What Is A Bharat Bond ETF? Is It A Suitable Debt Mutual Fund Investment For You?

There are a few fine details which differentiate the Bharat Bond ETF from other similar debt mutual funds, such as fixed maturity and target maturity, apart from the risk rating of the underlying securities. Know these for an informed investment decision.
What Is A Bharat Bond ETF? Is It A Suitable Debt Mutual Fund Investment For You?
What Is A Bharat Bond ETF? Is It A Suitable Debt Mutual Fund Investment For You?

For someone looking to generate inflation-beating returns by investing in a fixed income type product with added long-term income tax benefit– Bharat Bond ETF would make great sense. In a lot many ways, it is strikingly similar to fixed maturity and target maturity funds, though subtle differences remain.

What Is Bharat Bond ETF?

On December 4, 2019 the Indian government launched the Bharat Bond initiative. It is an exchange traded fund (ETF) and would track the Nifty Bharat Bond Index. This ETF had two target maturities of three and 10 years, and people without a demat account can also buy using a fund of fund (FoF) of the same name.

A Bharat Bond ETF will only invest in debt instruments of AAA rated public sector companies, and hence, has a low risk profile. The expense ratio for Bharat Bond ETF is 0.0005 per cent, and retail investors can buy these Bharat Bond ETFs for a minimum amount of Rs 1,000.

Only Edelweiss mutual fund could currently launch and manage a Bharat Bond ETF, because in 2019 it won a mandate to do so from the department of investment and public asset management (DIPAM), which incidentally is in-charge of divestment and looks after the Indian government’s companies’.
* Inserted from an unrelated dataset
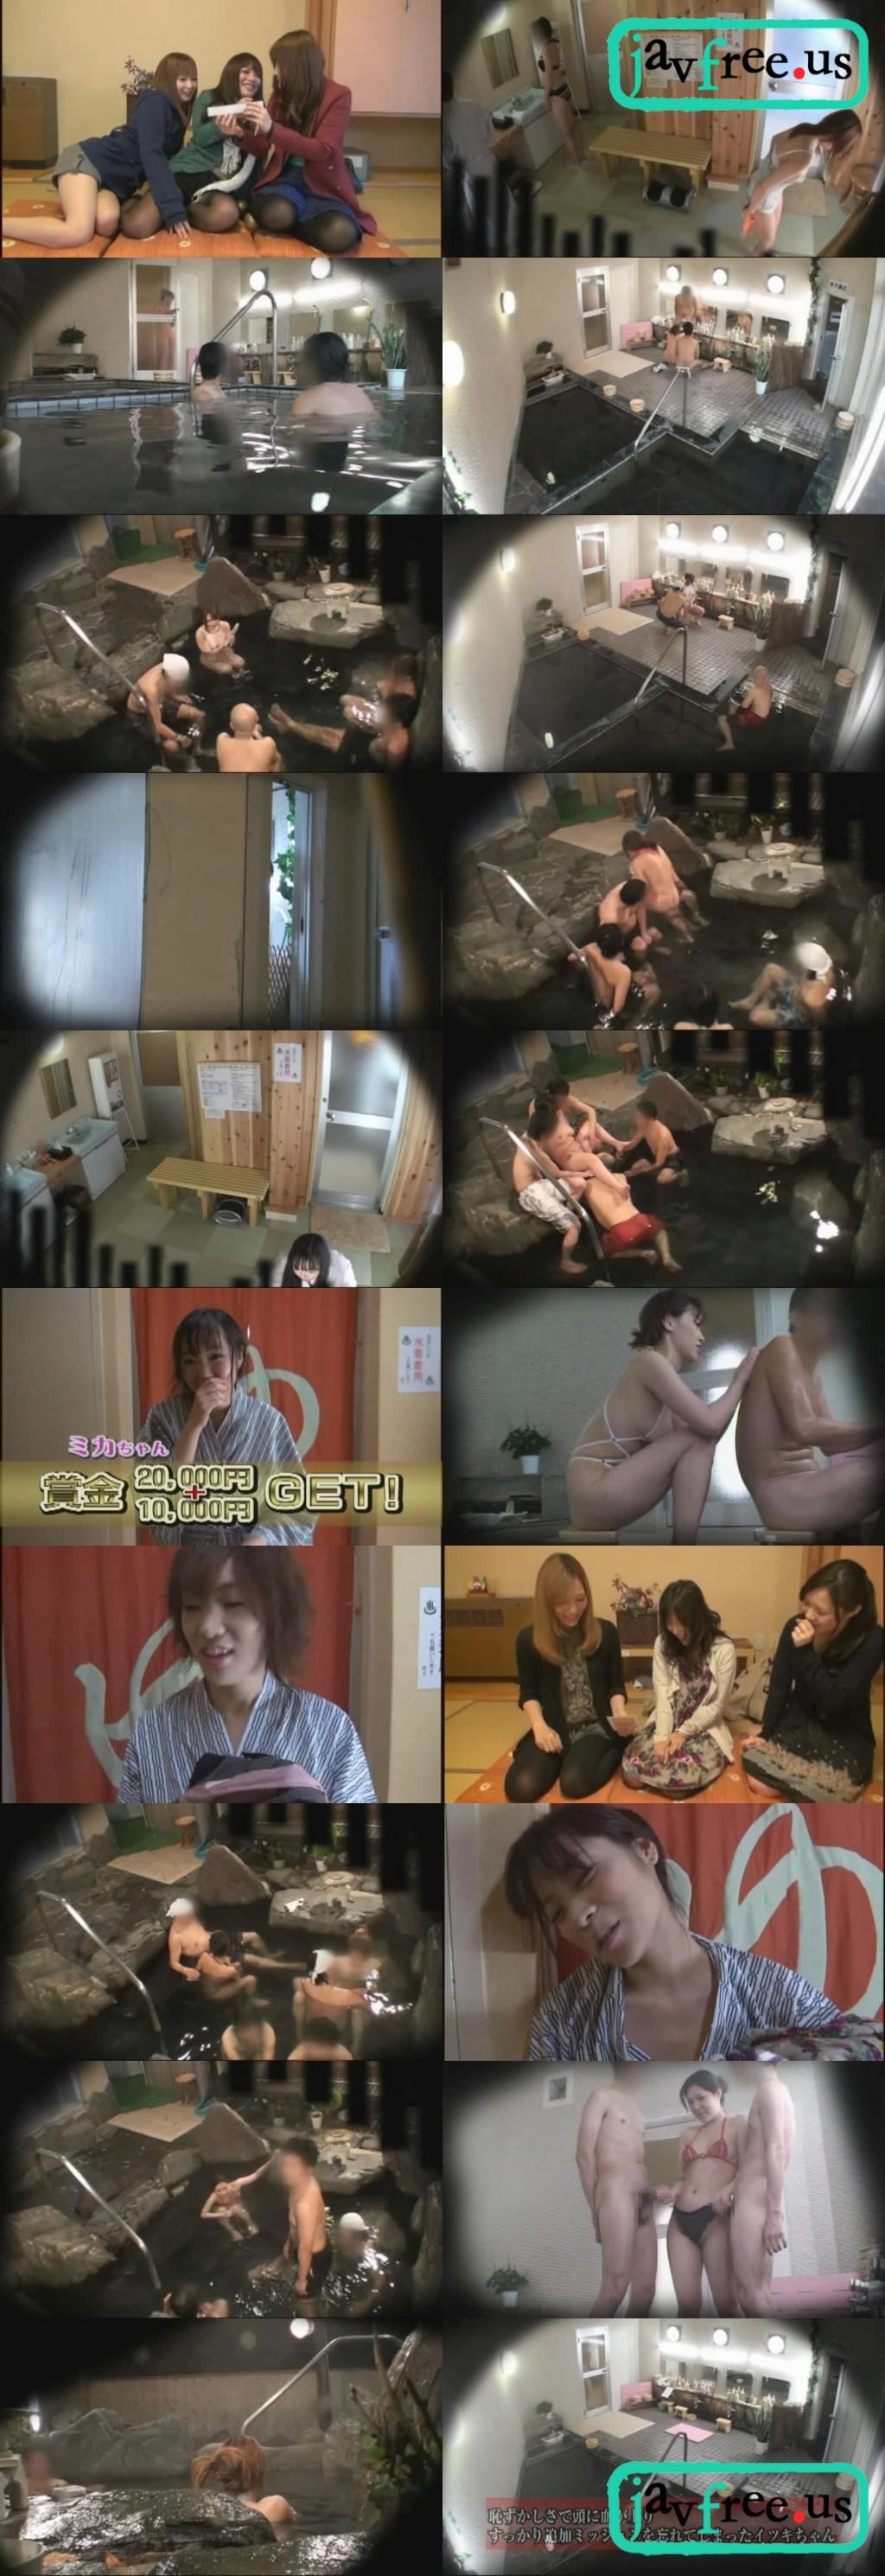 [SDMT 655] 群馬県伊香保温泉で見つけたお嬢さん 裸より恥ずかしい水着で混浴入ってみませんか? SDMT 655 SDMT

DIPAM ideated this debt bond program to help government-owned companies borrow money as per their requirements, and at a lower interest and other cost.
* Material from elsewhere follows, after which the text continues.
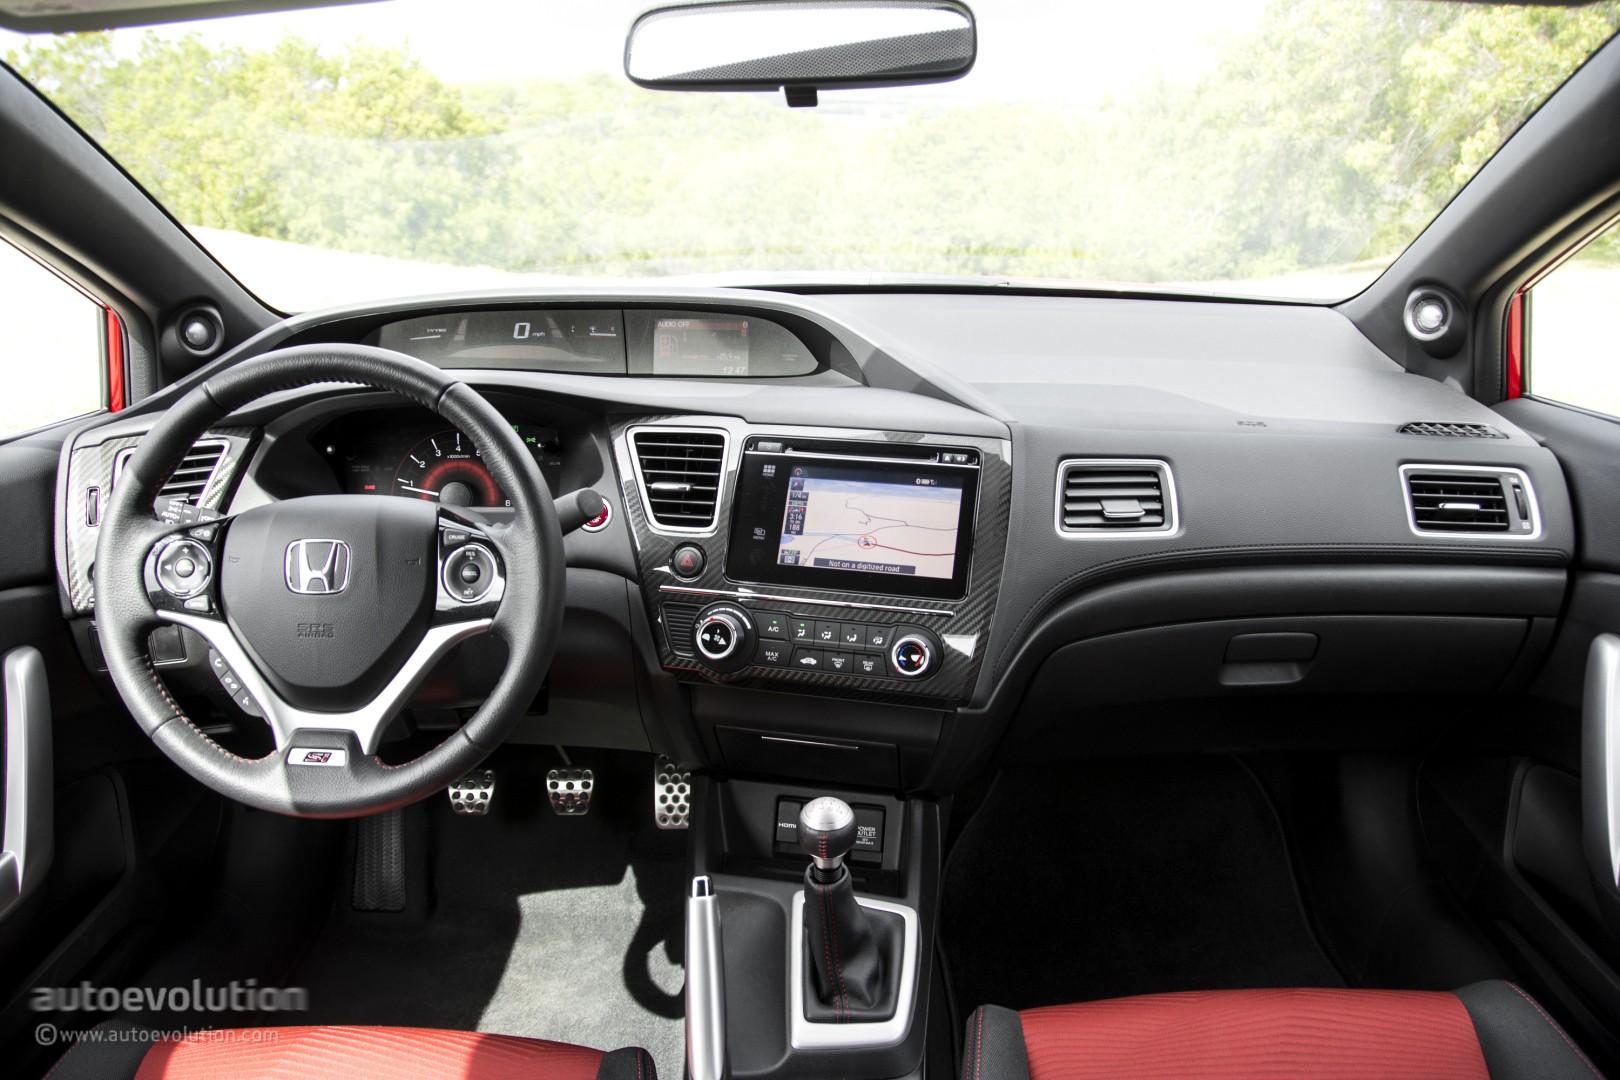 2015 Honda Civic Si Coupe Review - autoevolution

Is There Any Difference Between Bharat Bond And Fixed And Target Maturity Products?

A fixed maturity product (FMP) is a closed-end debt mutual fund product and is also listed on stock exchanges, but liquidity might be a challenge, and it could be cost-ineffective due to various factors.

Target maturity funds have a defined target date of maturity and track a respective index, say Nifty Bond Index, among others. These are open-ended passive debt mutual funds.

Bharat Bond ETF has market makers in the stock exchanges, who will buy and sell units to create liquidity in accordance with the demand of the investors. These ETFs are open-ended, but the net asset value (NAV) will change by the second during market hours due to its inherent design. Bharat Bond ETF is a type of target maturity debt mutual fund.

Bharat Bond ETF Has A Strict Quality Mandate

Bharat Bond ETF cannot invest in any public sector companies’ debt instruments, unless it is AAA rated. FMP funds can invest in a variety of instruments of different ratings depending on their scheme’s mandate.

Bharat Bond ETF Has Lower Expense Ratio Than Other Fixed Maturity Funds

The expense ratio charged in case of debt mutual funds has more impact than most other factors, excluding rating of the instruments. Bharat Bond ETF has an expense ratio of 0.0005 per cent, which FMPs cannot match at the present moment.

So, while the expense ratio is lower, the portfolio rebalancing may impact the returns which may happen due to AAA-rated PSU security getting a rating downgrade.

“If a credit downgrade happens by any of the authorised rating agencies approved by the Securities and Exchange Board of India (Sebi), then the particular security will be removed from the Index in next rebalancing,” read a frequently asked question from Bharat Bond website.

So, in essence, a Bharat Bond ETF is a type of target maturity fund, but one that tracks Nifty Bharat Bond Index, and has a low expense ratio and with the additional support of market makers. So, liquidity is not a challenge.

That said, “there are 'NO' assured returns. During the investment period, the value of investments can go up or down depending on market conditions, and are dependent on interest rates movements in the economy. However, if investors stay invested till maturity of the ETF, then return can be in line with the yield of the portfolio at the time of investments,” read a frequently asked question from Bharat Bond website.

So, if one is investing in a Bharat Bond ETF, then he/she needs to stay invested for the entirety of the tenure (10 years+) until it matures, and returns the money along with yearly interest. This will make sure one gets the full original market returns and enjoys long-term capital gains (LTCG) taxation with indexation benefits.